Instagram Outlines Steps to Address Potential Areas of Racial Inequality on its Platform

Last week, Instagram chief Adam Mosseri published a video on his Instagram feed in which he seemed particularly emotional about the #BlackLivesMatter protests across the US.

Mosseri, in general, is a pretty calm and collected character, and rarely shows much emotion in his posts and presentations. But it felt like this issue had really hit home with him, and that he wanted to do more to address the noted concerns. And today, Mosseri has outlined how, exactly, he plans to do just that.

In a new post, Mosseri discusses the role Instagram has played thus far in the #BlacLivesMatter movement, while also noting that, in some areas, the platform has fallen short.

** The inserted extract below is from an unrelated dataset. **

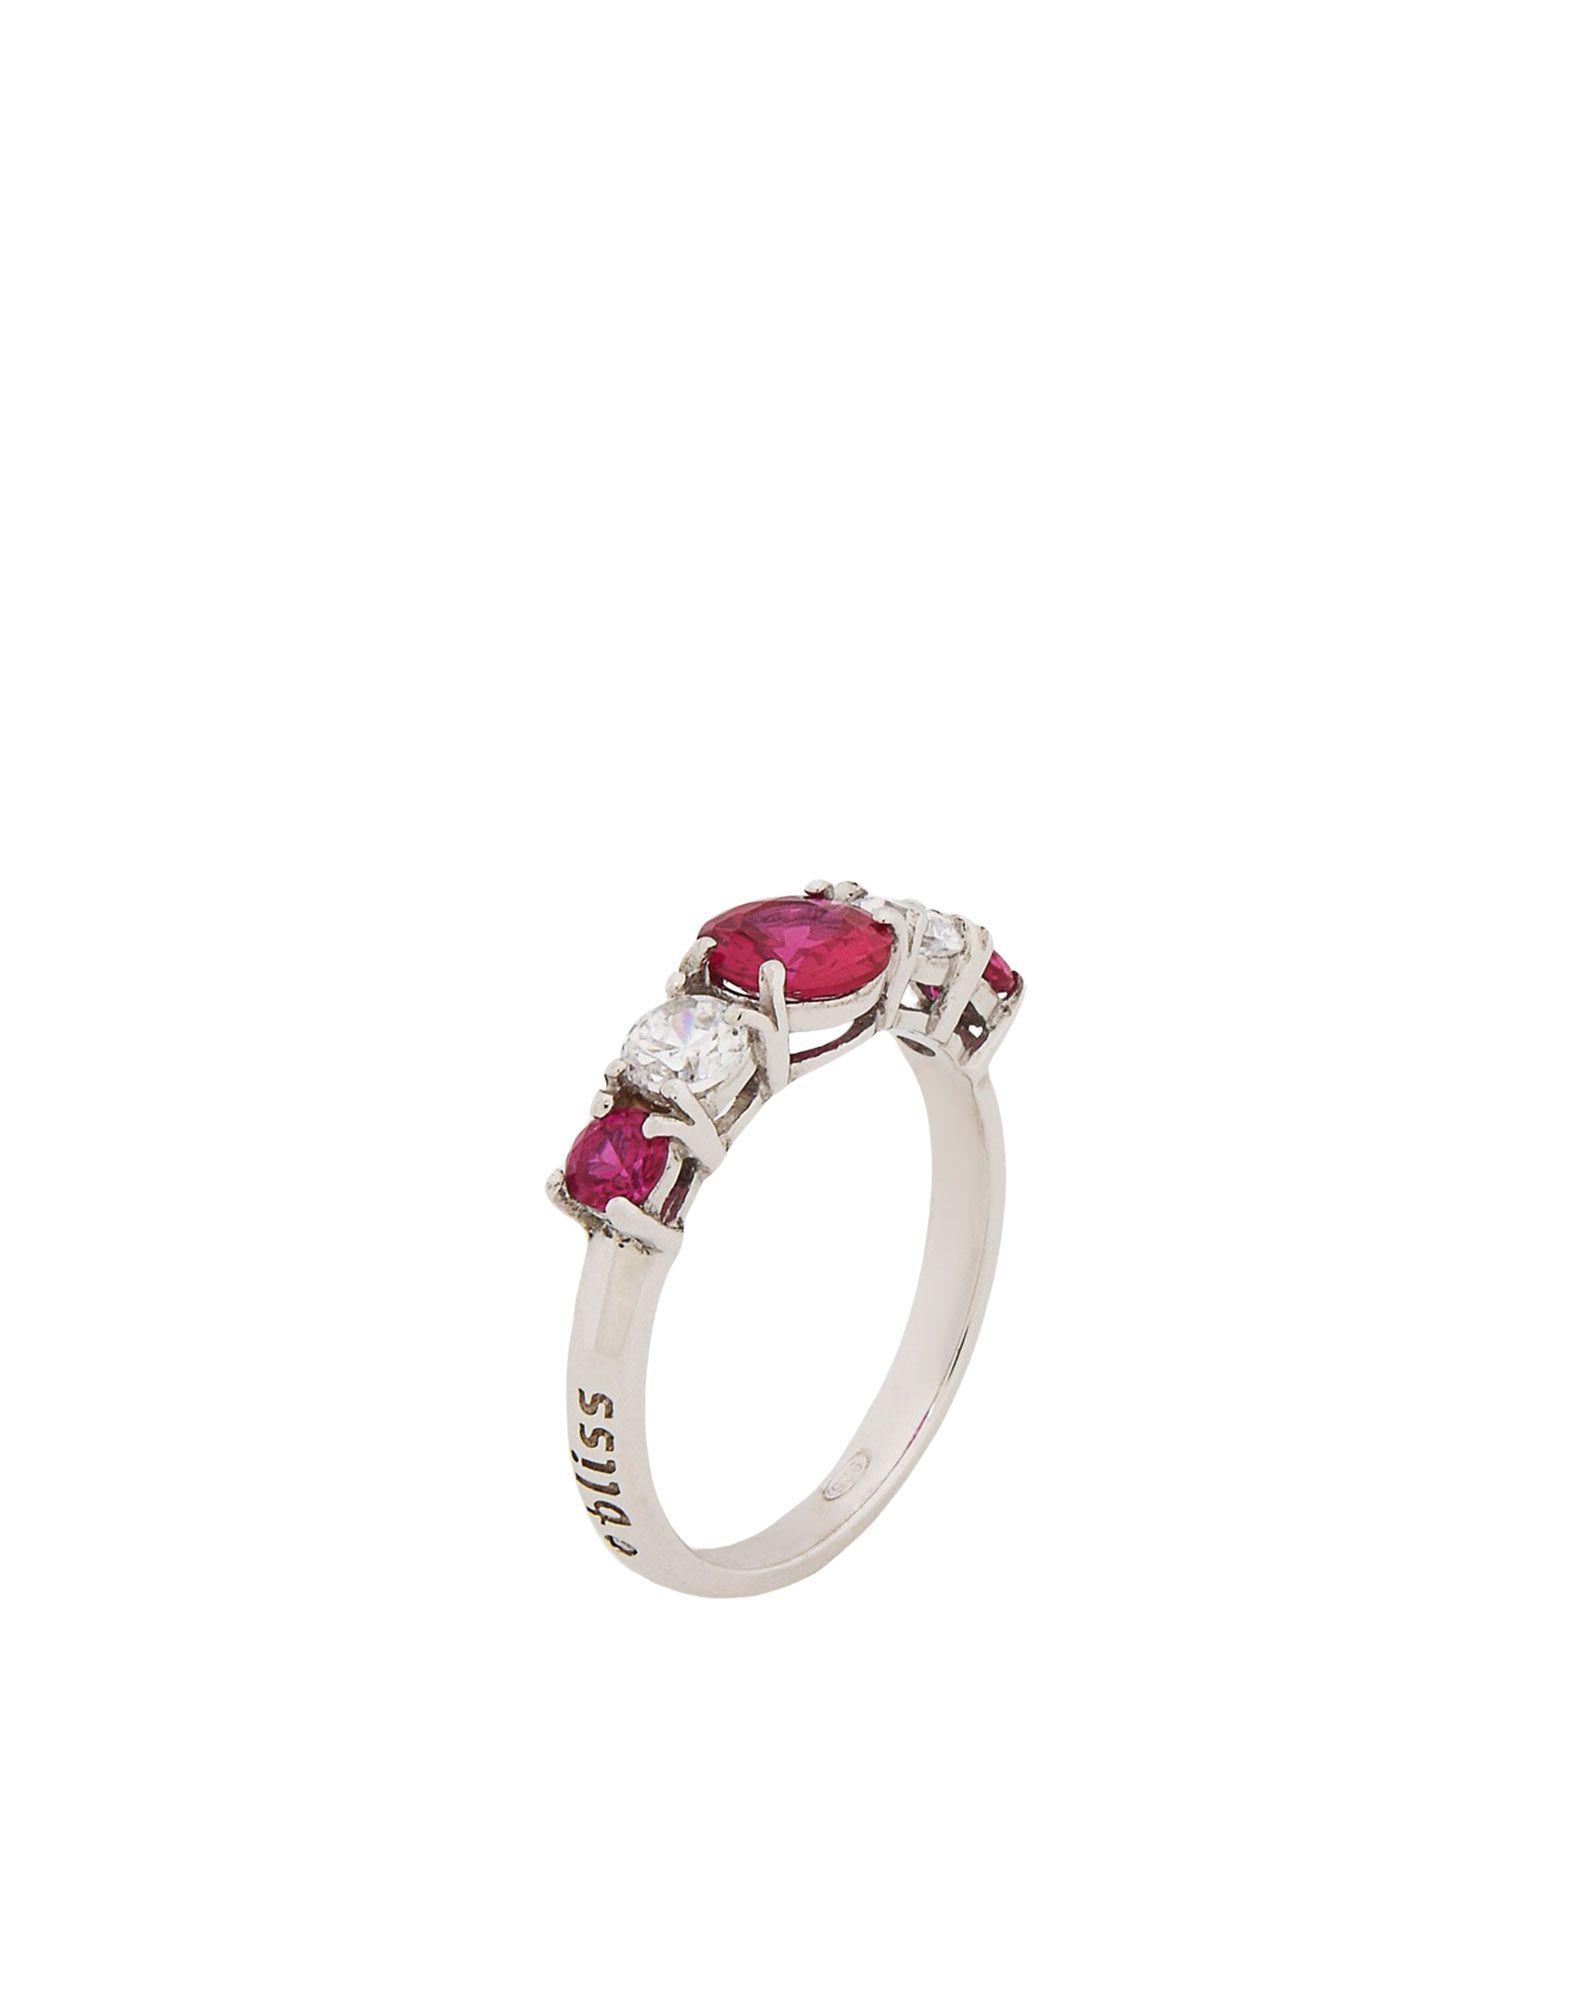 《送料無料》BLISS レディース 指輪 シルバー 16 シルバー925/1000 / キュービックジルコニア

“We’re hearing concerns about whether we suppress Black voices and whether our products and policies treat everyone equally. The irony that we’re a platform that stands for elevating Black voices, but at the same time Black people are often harassed, afraid of being ‘shadowbanned’, and disagree with many content takedowns, is not lost on me. This is a moment when people around the world are rightfully demanding actions over words, and we owe the same to our community.”

Tackling these concerns, Mosseri has outlined four steps that Instagram will be taking to improve racial representation and equality on its platform.

  1. Harassment – Mosseri says that Instagram will be looking to address any potential gaps in its policies which may be seeing different groups experience more harassment and abuse
  2. Account verification – Mosseri says that Instagram will also re-assess its verification process to ensure that there’s no endemic bias in how verification is allocated and approved. “Verification is an area we constantly get questions on – what the guidelines are, and whether or not the criteria is favoring some groups more than others.”
  3. Distribution – Mosseri also says that Instagram will review its content policies to ensure that there’s no inherent bias in how content is chosen for its Explore and Hashtag pages. Mosseri also says it will investigate “shadowbanning”, which sees content get less exposure without explanation as to how or why. “Soon we’ll be releasing more information about the types of content we avoid recommending on Explore and other places”.
  4. Algorithmic bias – And lastly, Mosseri says that they will examine their algorithms to avoid repeating patterns, like racial bias, which are instituted based on biased inputs. “While we do a lot of work to help prevent subconscious bias in our products, we need to take a harder look at the underlying systems we’ve built, and where we need to do more to keep bias out of these decisions”.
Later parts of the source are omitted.